For example, this ...
#include <string.h> /* for memcpy() */
char str[19] = "This is an example";
memcpy(str + 7, str, 10);
... attempts to copy 10 bytes where the source and destination memory areas overlap by three bytes. To visualize:
overlapping area
|
_ _
| |
v v
T h i s i s a n e x a m p l e \0
^ ^
| |
| destination
|
source
Because of the overlap, the resulting behavior is undefined.
Among the standard library functions with a limitation of this kind are memcpy()
, strcpy()
, strcat()
, sprintf()
, and sscanf()
. The standard says of these and several other functions:
If copying takes place between objects that overlap, the behavior is undefined.
The memmove()
function is the principal exception to this rule. Its definition specifies that the function behaves as if the source data were first copied into a temporary buffer and then written to the destination address. There is no exception for overlapping source and destination regions, nor any need for one, so memmove()
has well-defined behavior in such cases.
The distinction reflects an efficiency vs. generality tradeoff. Copying such as these functions perform usually occurs between disjoint regions of memory, and often it is possible to know at development time whether a particular instance of memory copying will be in that category. Assuming non-overlap affords comparatively more efficient implementations that do not reliably produce correct results when the assumption does not hold. Most C library functions are allowed the more efficient implementations, and memmove()
fills in the gaps, serving the cases where the source and destination may or do overlap. To produce the correct effect in all cases, however, it must perform additional tests and / or employ a comparatively less efficient implementation.
# Signed integer overflow
Per paragraph 6.5/5 of both C99 and C11, evaluation of an expression produces undefined behavior if the result is not a representable value of the expression's type. For arithmetic types, that's called an overflow. Unsigned integer arithmetic does not overflow because paragraph 6.2.5/9 applies, causing any unsigned result that otherwise would be out of range to be reduced to an in-range value. There is no analogous provision for signed integer types, however; these can and do overflow, producing undefined behavior. For example,
#include <limits.h> /* to get INT_MAX */
int main(void) {
int i = INT_MAX + 1; /* Overflow happens here */
return 0;
}
Most instances of this type of undefined behavior are more difficult to recognize or predict. Overflow can in principle arise from any addition, subtraction, or multiplication operation on signed integers (subject to the usual arithmetic conversions) where there are not effective bounds on or a relationship between the operands to prevent it. For example, this function:
int square(int x) {
return x * x; /* overflows for some values of x */
}
is reasonable, and it does the right thing for small enough argument values, but its behavior is undefined for larger argument values. You cannot judge from the function alone whether programs that call it exhibit undefined behavior as a result. It depends on what arguments they pass to it.

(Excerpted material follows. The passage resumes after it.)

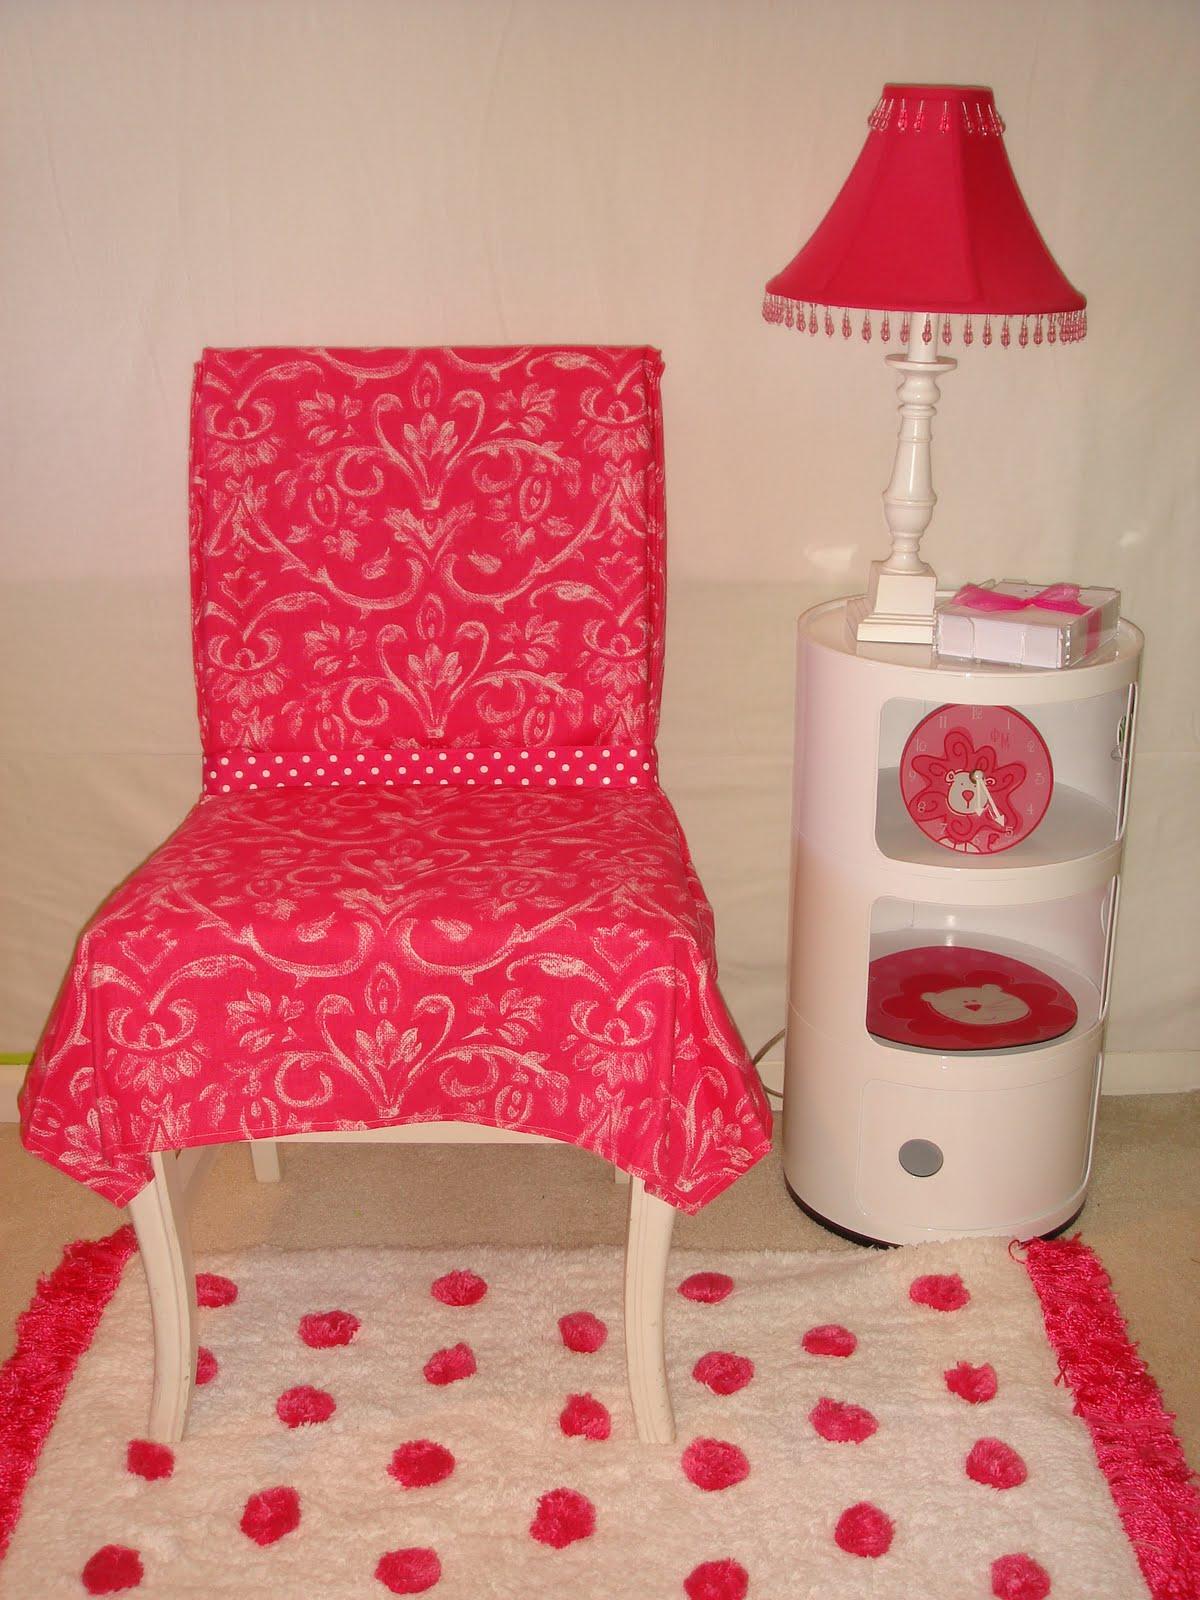 Decor 2 Ur Door Chair Slipcovers For Dorm Desk Chairs

On the other hand, consider this trivial example of overflow-safe signed integer arithmetic:
int zero(int x) {
return x - x; /* Cannot overflow */
}
The relationship between the operands of the subtraction operator ensures that the subtraction never overflows. Or consider this somewhat more practical example:
int sizeDelta(FILE *f1, FILE *f2) {
int count1 = 0;
int count2 = 0;
while (fgetc(f1) != EOF) count1++; /* might overflow */
while (fgetc(f2) != EOF) count2++; /* might overflow */
return count1 - count2; /* provided no UB to this point, will not overflow */
}
As long as that the counters do not overflow individually, the operands of the final subtraction will both be non-negative. All differences between any two such values are representable as int
.
# Use of an uninitialized variable
int a;
printf("%d", a);
The variable a
is an int
with automatic storage duration. The example code above is trying to print the value of an uninitialized variable (a
was never initialized). Automatic variables which are not initialized have indeterminate values; accessing these can lead to undefined behavior.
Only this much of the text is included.